**INFORMATION SUPPLIED**.
----------------------------------------
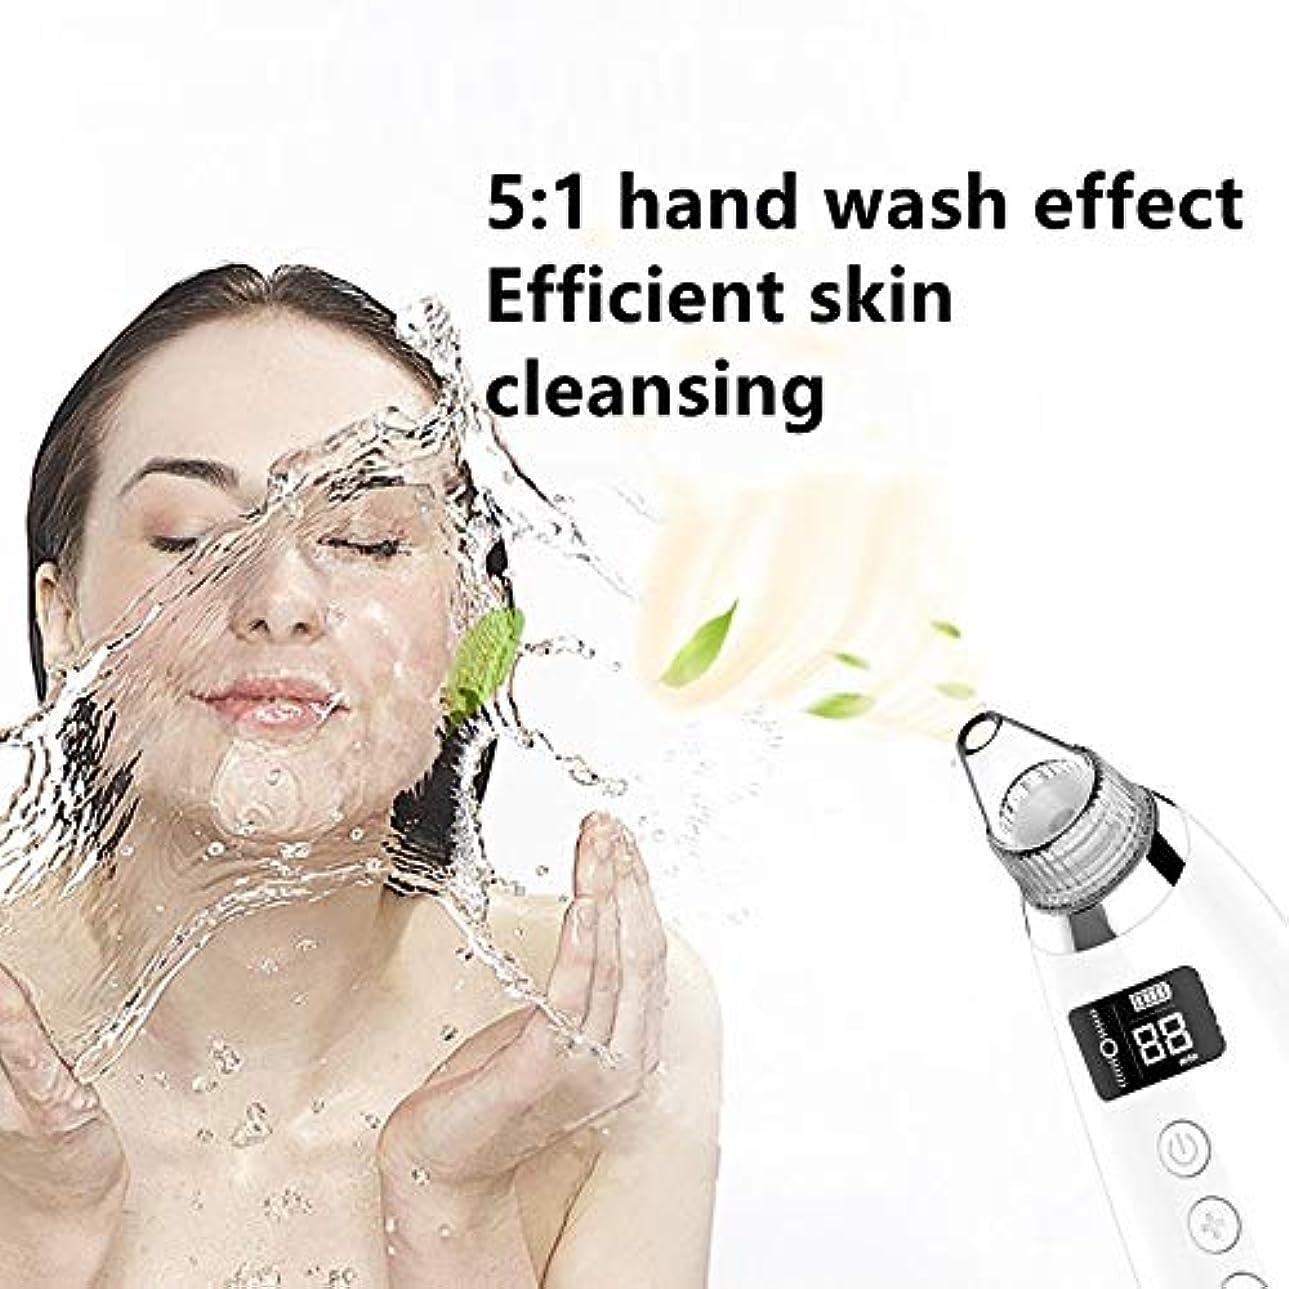 デッキ深い革新ブラックヘッドリムーバー毛穴掃除、強い吸引充電式電気顔面にきびクリーナーツール&5多機能の削除面皰吸盤Extractorのマシン
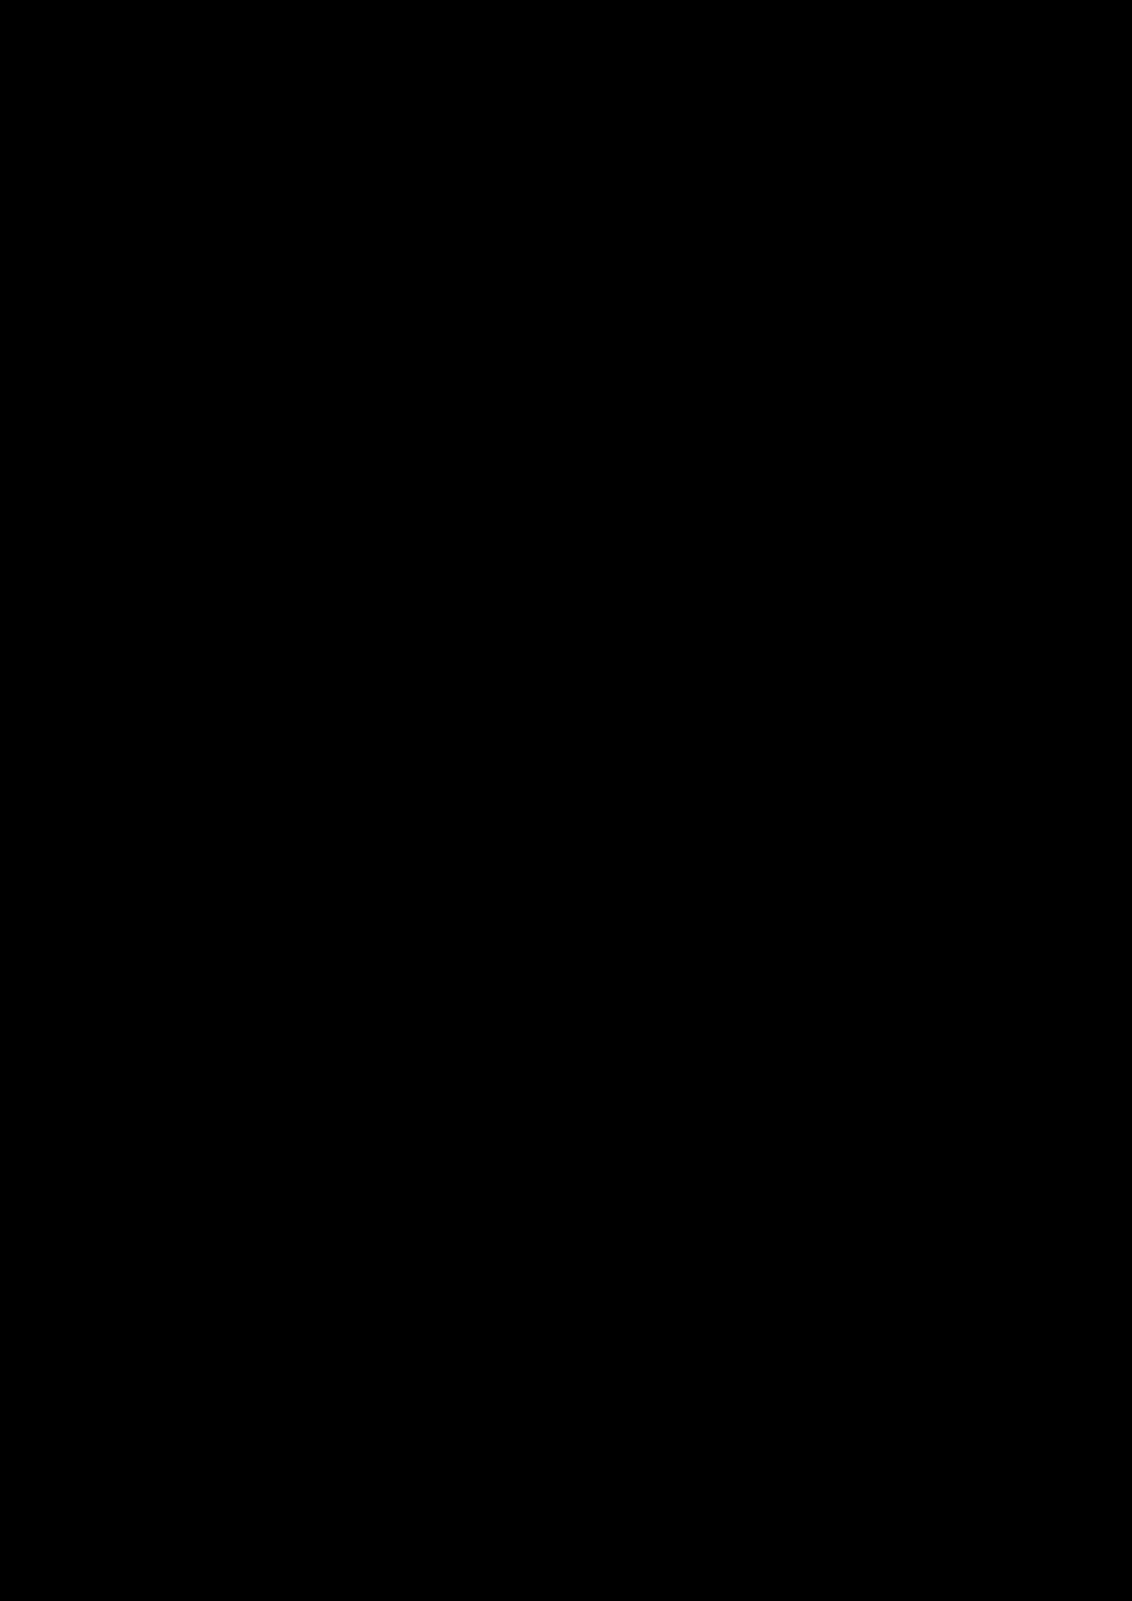 Osobyiy rezon slide, Image 16
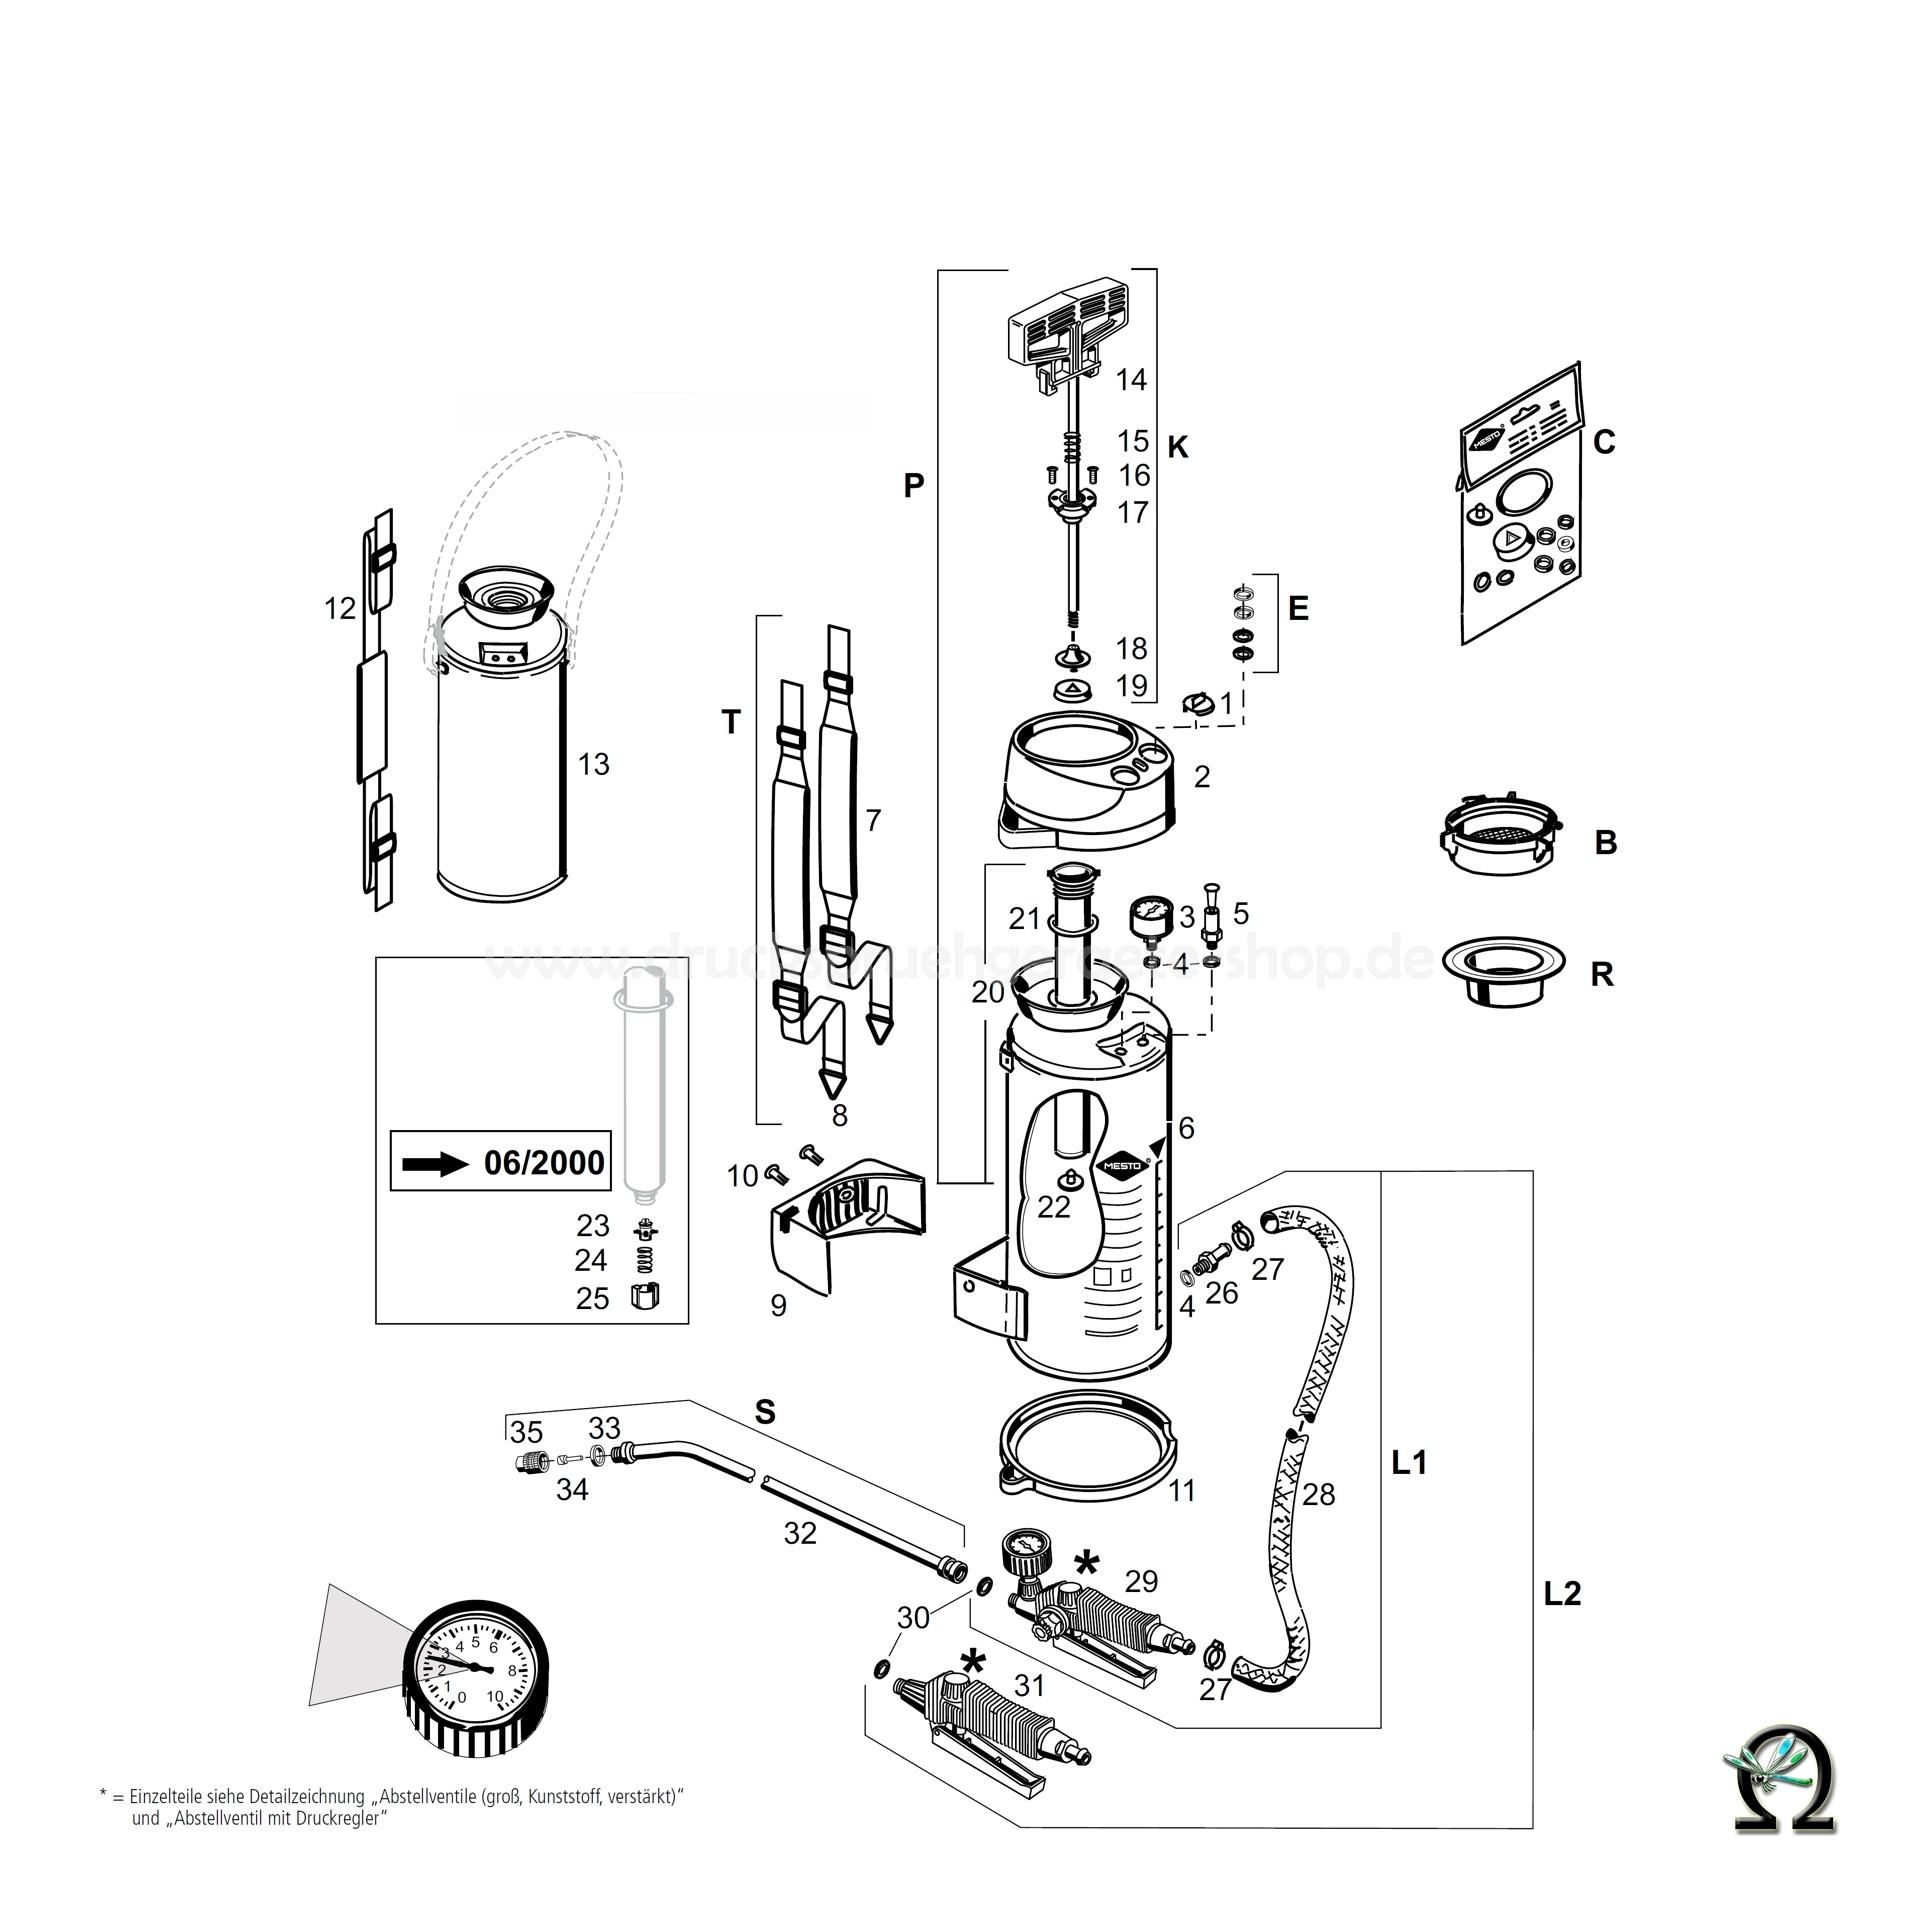 MESTO Hochdrucksprühgerät 3610 RESISTENT - 10 Liter, Zeichnung der Einzelteile
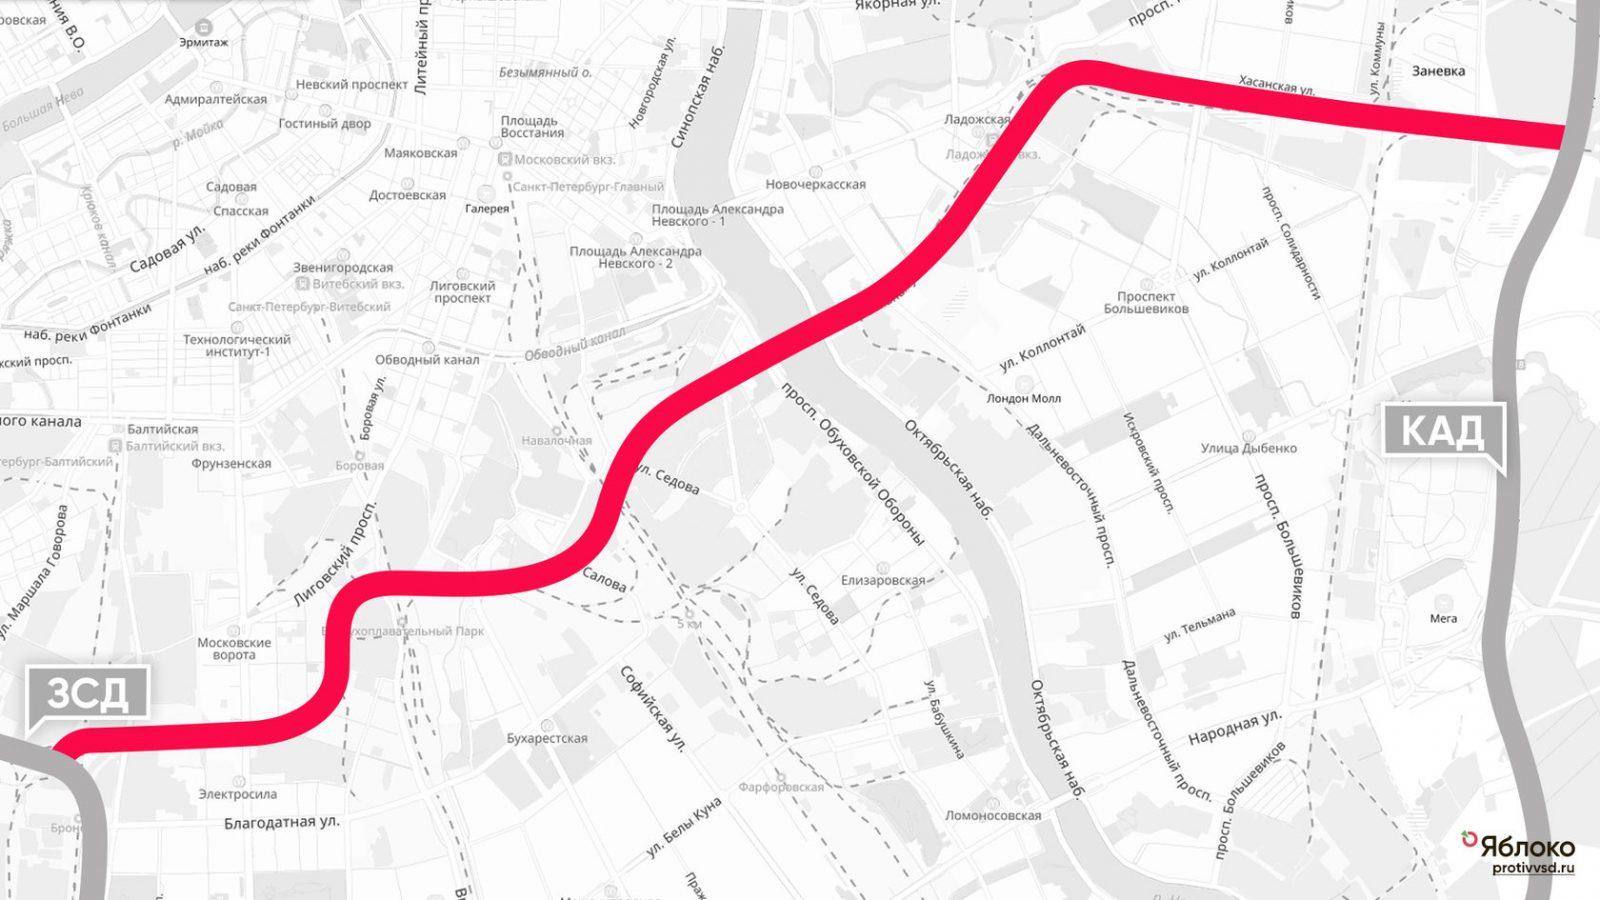 ВСД: нужна ли Петербургу ещё одна скоростная магистраль и какой ценой?
----------------------------------------
**TASK DETAILS**. Make a word-for-word repeat of the material, skipping all pictures.

**SOLUTION**.
 デッキ深い革新ブラックヘッドリムーバー毛穴掃除、強い吸引充電式電気顔面にきびクリーナーツール&5多機能の削除面皰吸盤Extractorのマシン
 Osobyiy rezon slide, Image 16
 MESTO Hochdrucksprühgerät 3610 RESISTENT - 10 Liter, Zeichnung der Einzelteile
 ВСД: нужна ли Петербургу ещё одна скоростная магистраль и какой ценой?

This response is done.